# Pond Prowler ideas



## GA1dad (Aug 26, 2007)

I just picked this up this weekend. I've been looking at it with intentions of making some modifications. I was wondering if any of you have done any mods to these?

Also, I was thinking that this might could be used for duck hunting. Have any of you done this? Have you fabbed up a blind for it.

Pics please.


----------



## Country Road (Aug 27, 2007)

My buddy put some 7 inch seat pedastal extensions under his seats to keep from being so cramped up and it helps and doesn't make it top heavy.


----------



## muddy_feet (Aug 27, 2007)

Yup, PVC frame and grass matt's.  Works good in little ponds that have deeper water.

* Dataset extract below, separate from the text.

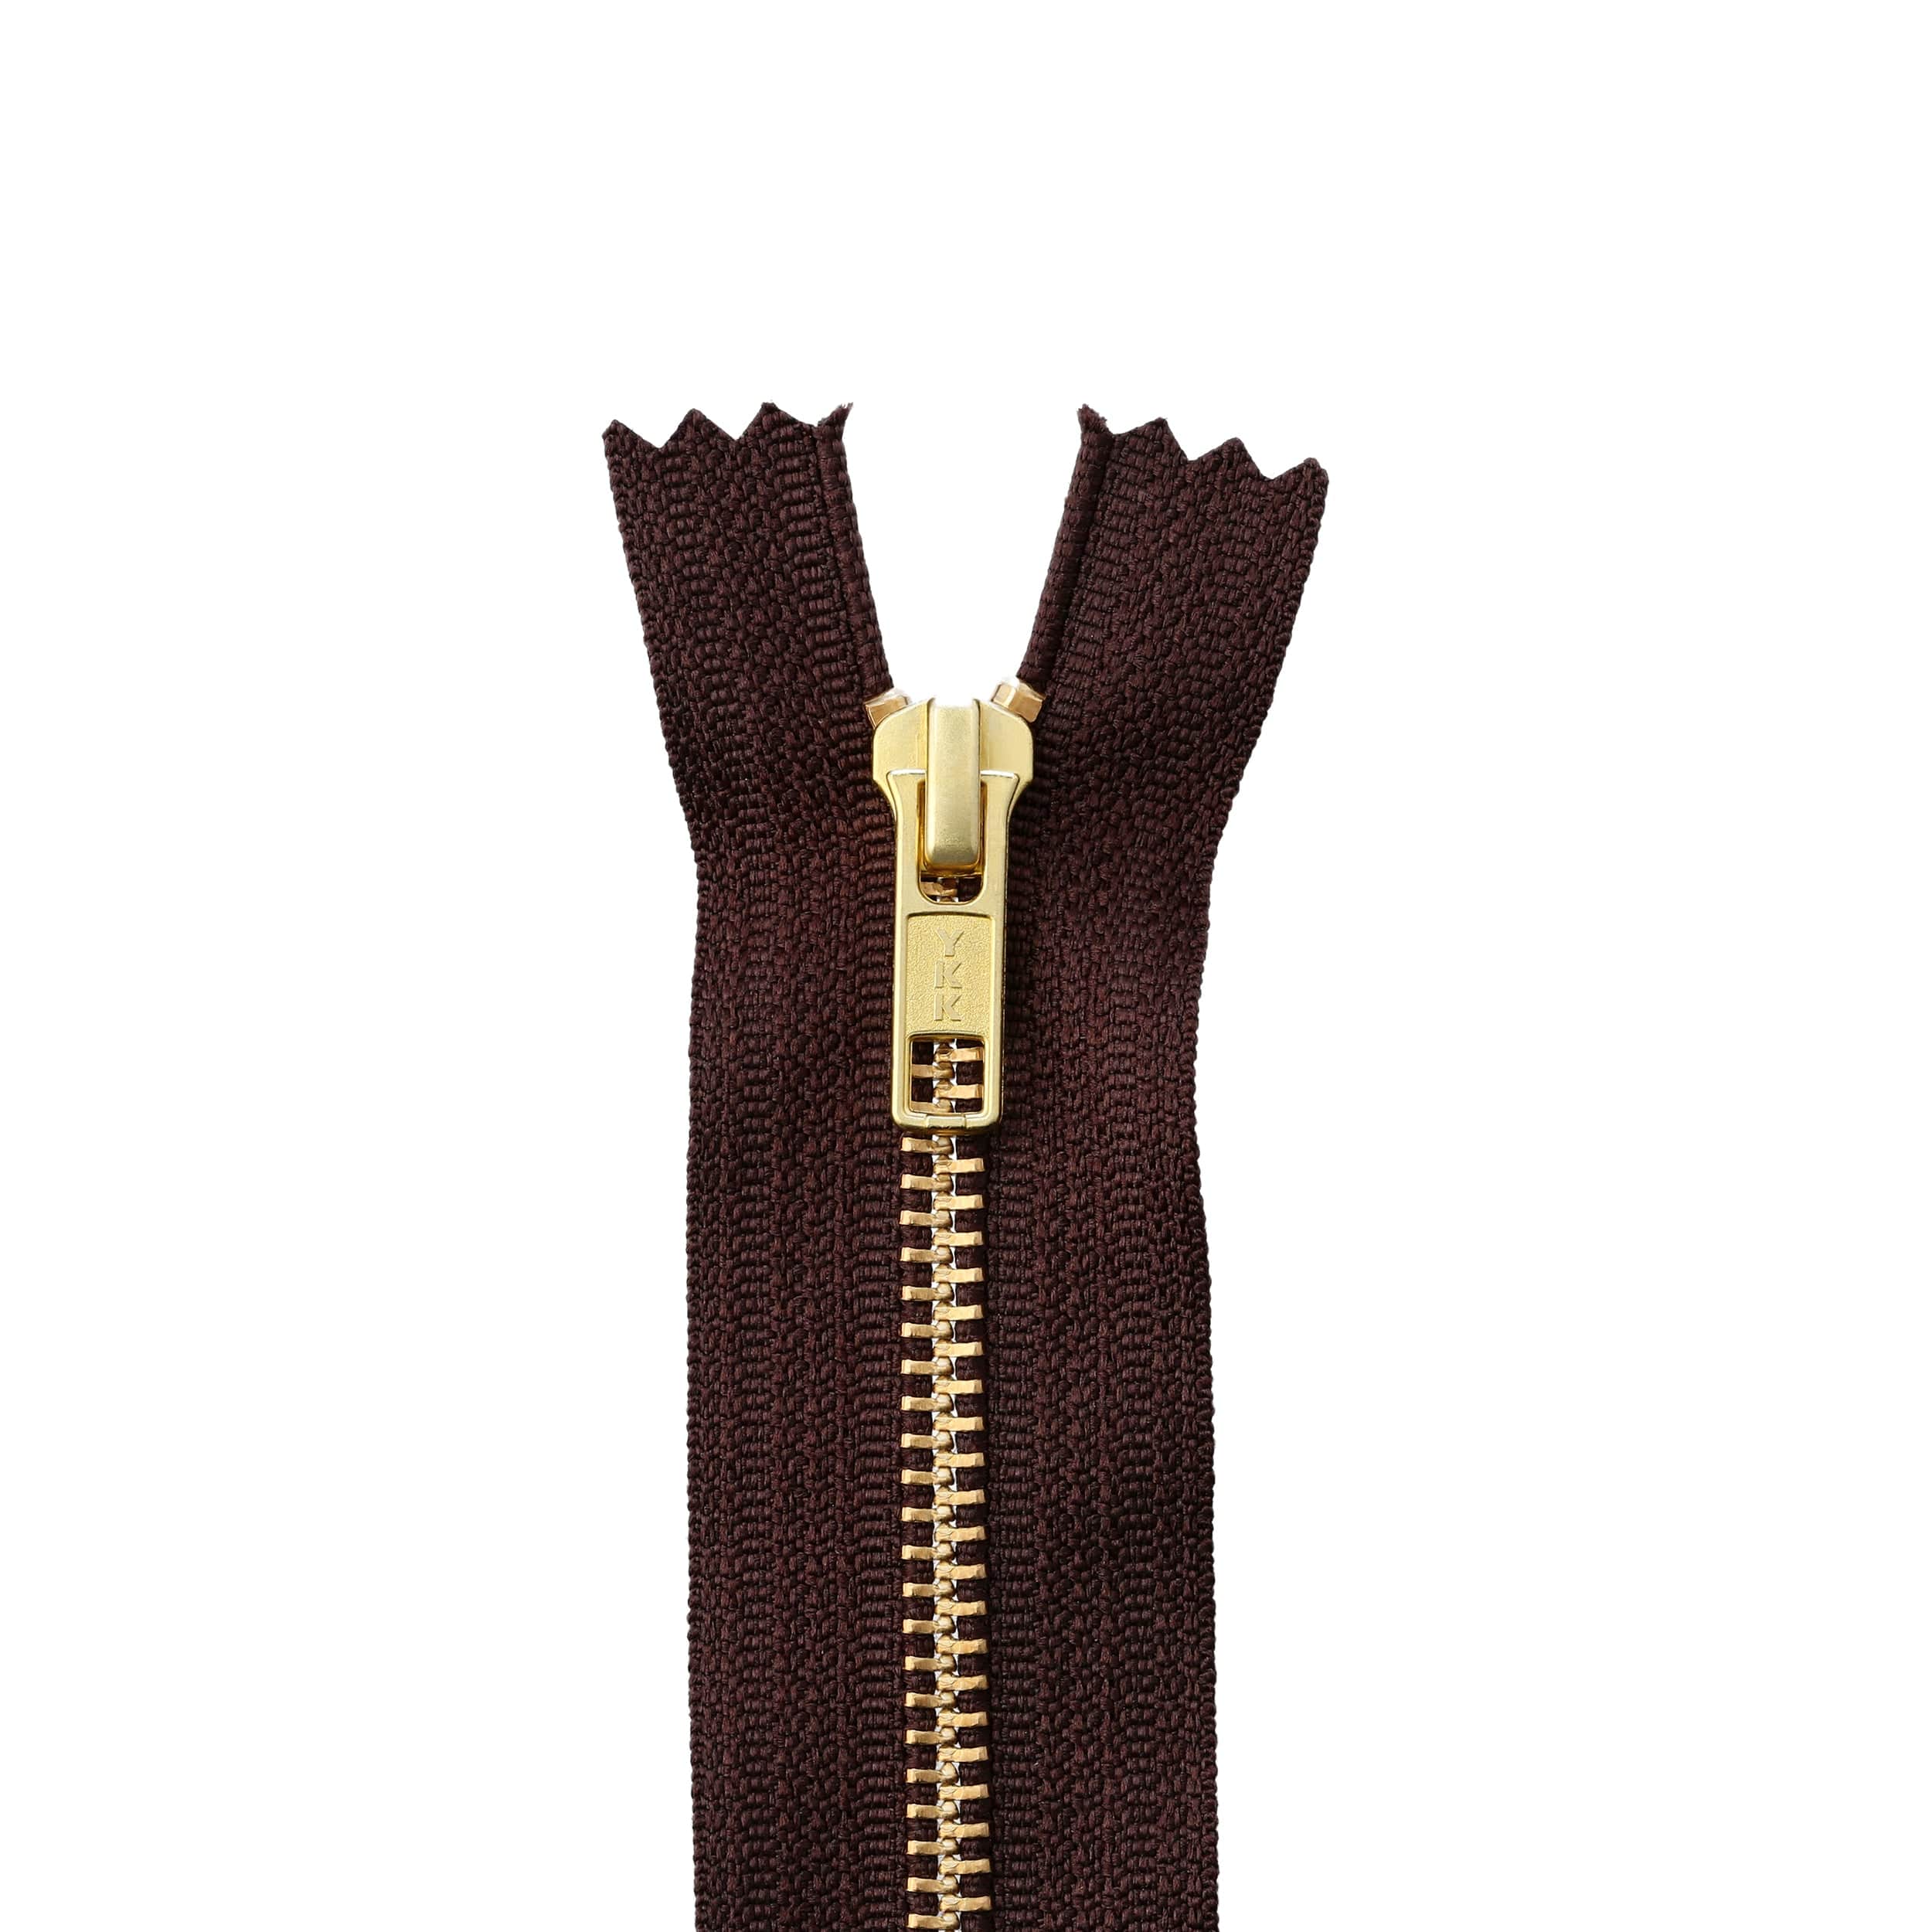 Ohio Travel Bag Zippers #6, 8"inch, Brown with Brass Teeth, Closed End Zipper, Nylon, #6CEB-8-BRO 6CEB-8-BRO

The frame will fit inside the inside rail.  No need to paint it 'cause the grass will cover it and it's brown on the inside.  Kinda cramped for 2 people and gear.


----------



## GA1dad (Aug 27, 2007)

muddy_feet said:


> Yup, PVC frame and grass matt's.  Works good in little ponds that have deeper water.
> 
> The frame will fit inside the inside rail.  No need to paint it 'cause the grass will cover it and it's brown on the inside.  Kinda cramped for 2 people and gear.



I can see where it would be a little cramped. Maybe I could rig up a innertube "trailer" to pull decoys with.

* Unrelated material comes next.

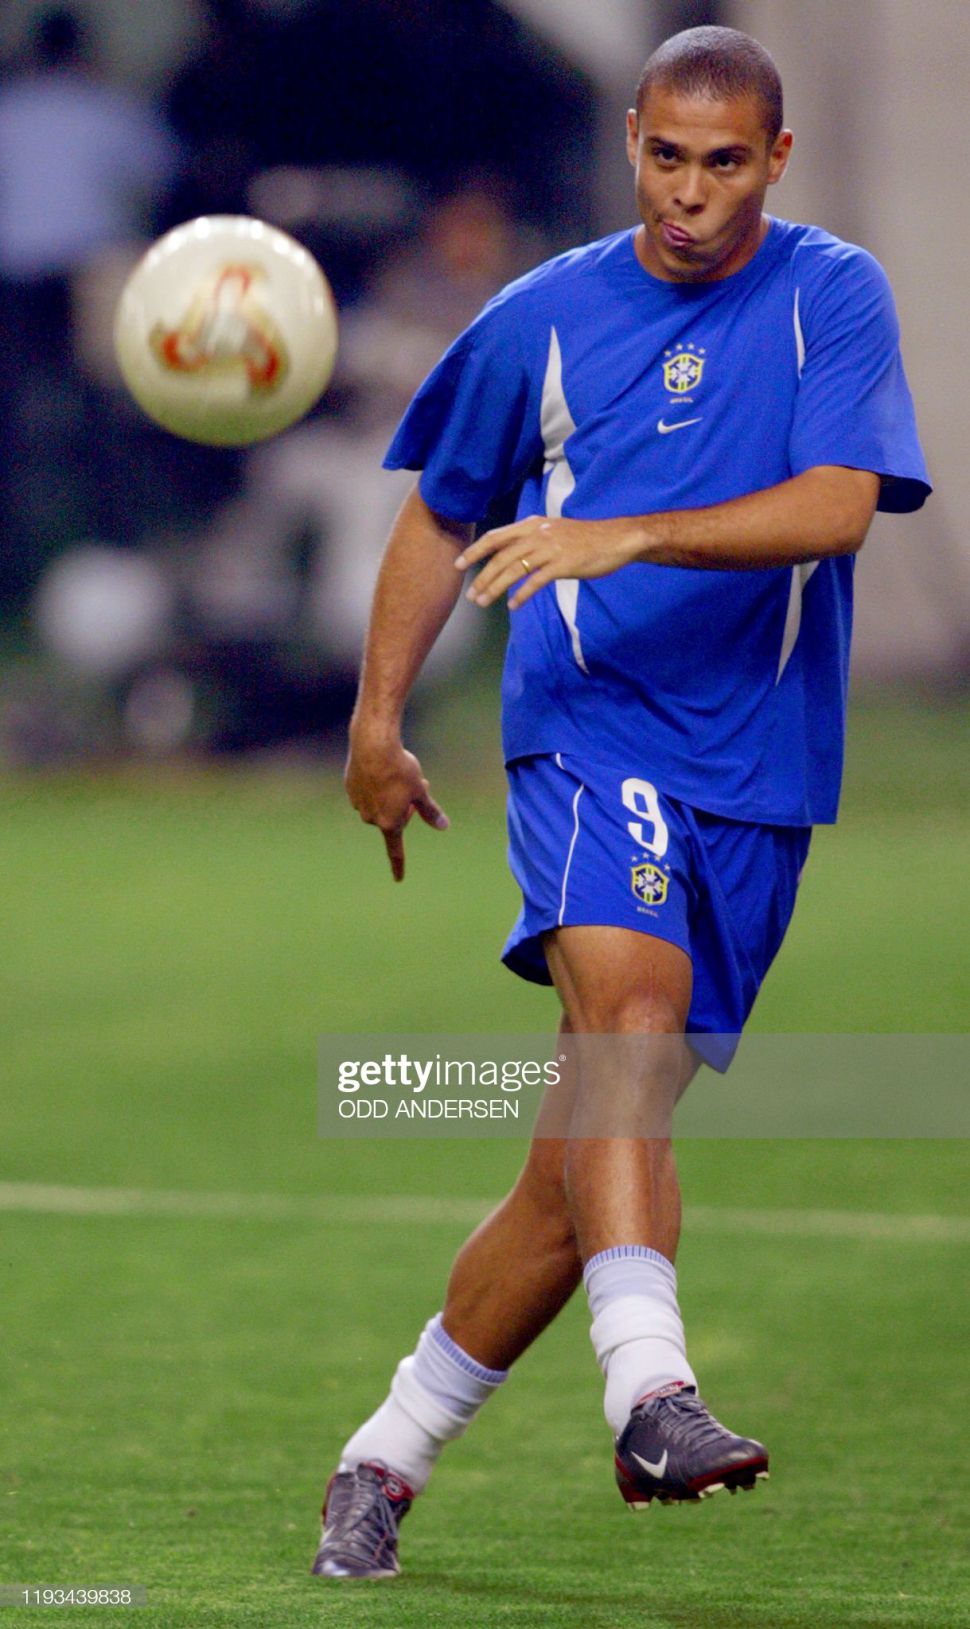 Áo training Brazil 2002-2003-2004 away shirt jersey blue 182268 Nike

The one thing I am sure I will do is fab up a guard rail to help contain my daughter in it. She's still clumbsy enough to take a dip, but a rail at the proper height will fix that.


----------



## 243Savage (Aug 27, 2007)

Are the seat legs bolted on or just snapped into the rail?  Could get interesting when you shoot from one of them.  I've see guys lean back fishing and go overboard, seat and all.  I've done it myself.


----------



## GA1dad (Aug 27, 2007)

Yup, seats will have to be re-engineered. They are not attatched at all, they just slide in a groove. I guess so they can be adjusted for anyone. Still trying to figure how to attatch them without weakening the plastic.


----------



## P&Y FINALY (Aug 29, 2007)

243Savage said:


> Are the seat legs bolted on or just snapped into the rail?  Could get interesting when you shoot from one of them.  I've see guys lean back fishing and go overboard, seat and all.  I've done it myself.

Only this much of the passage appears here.